Page:Sand - Contes d une grand mere 1.djvu/218

Le texte de cette page a été corrigé et est conforme au fac-similé.

— Combien donc est-ce que vous donneriez ? dit le tailleur en regardant Clopinet du coin de l’œil, d’un air un peu dédaigneux, comme pour déprécier d’avance la marchandise.
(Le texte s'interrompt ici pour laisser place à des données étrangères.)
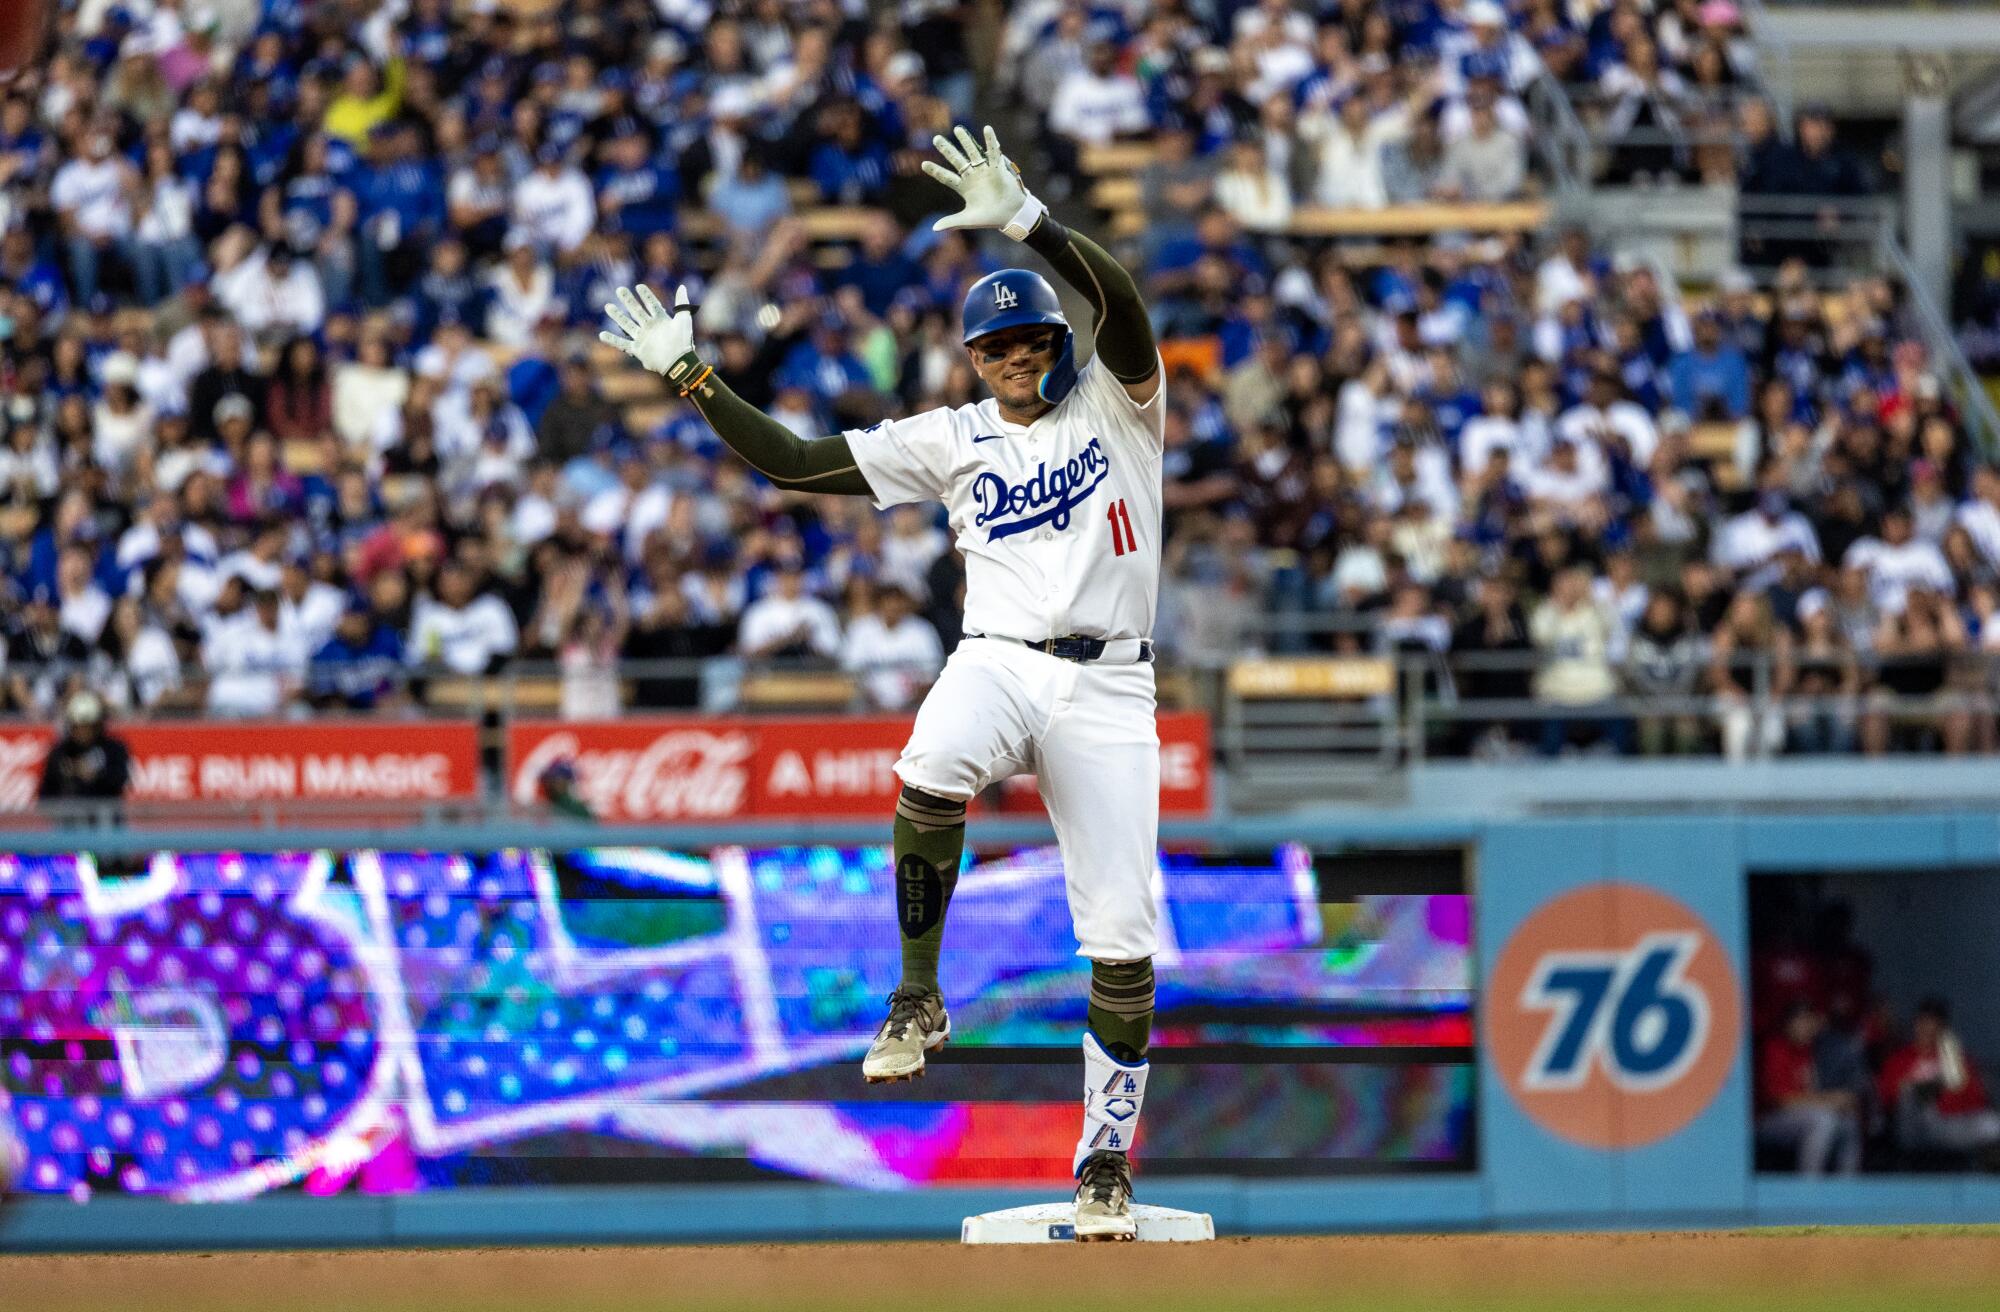 El campocorto de los Dodgers, Miguel Rojas, adopta la pose característica de los Dodgers en el plato.
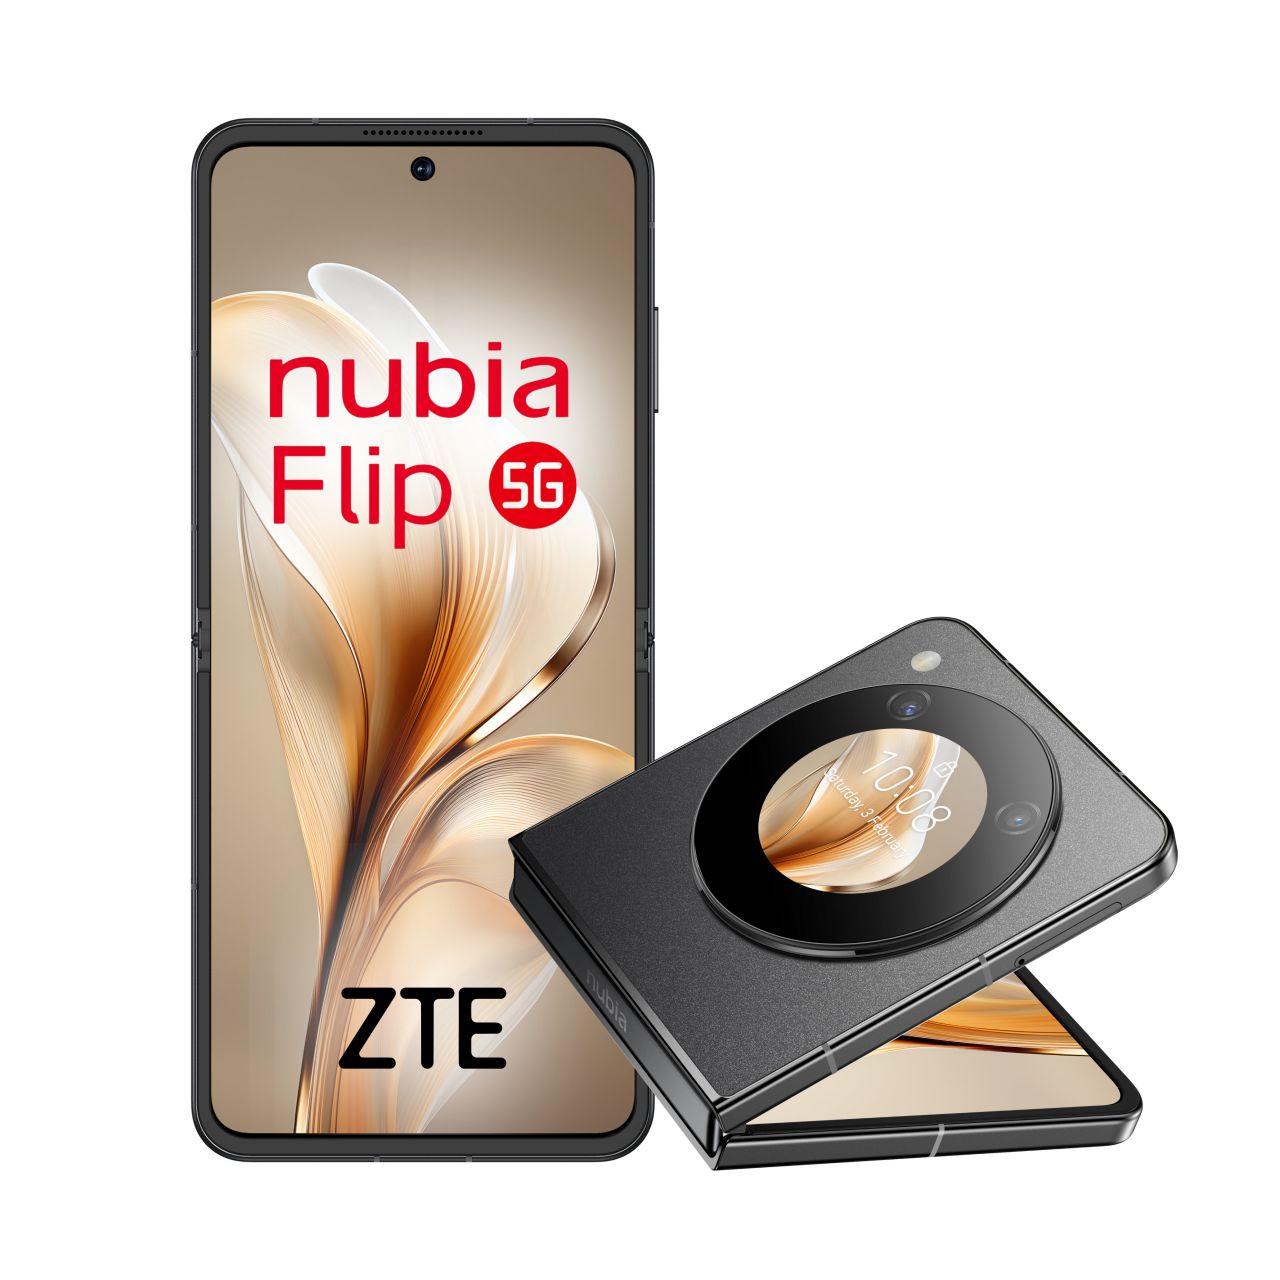 ZTE Nubia Flip 5G

Pendant que le paysan et le tailleur discutaient à voix basse les conditions du marché, et se tenaient à deux livres tournois de différence, Clopinet, tout interdit, car jamais il n’avait eu la moindre envie de coudre et de tailler, essayait de regarder tranquillement le patron auquel on était en train de le vendre. C’était un petit homme bossu des deux épaules, louche des deux yeux, boiteux des deux jambes. Si on eût pu le détortiller et l’étendre sur une table, il eût été grand ; mais il était si cassé et si soudé aux angles que, quand il marchait, il n’était pas plus haut que Clopinet lui-même, qui avait alors douze ans et n’était pas très-grand pour son âge. Tire-à-gauche, lui, pouvait bien avoir la cinquantaine ; sa tête, énorme en longueur, jaune et chauve, ressemblait à un gros concombre. Il était sordidement vêtu des guenilles qui n’avaient pu resservir dans les vêtements de ses pratiques et que l’on eût jetées aux fumiers, s’il ne les eût réclamées ; mais ce qu’il y avait en lui de plus horrible, c’était ses pieds et ses mains, d’une longueur démesurée et très-agiles, car, avec ses bras en fuseau et ses jambes en équerre, il travaillait et marchait plus vite qu’aucun autre. L’œil pouvait à peine suivre l’éclair de sa grosse aiguille quand il cousait et le tourbillon de poussière qu’il soulevait en rasant la terre pour courir.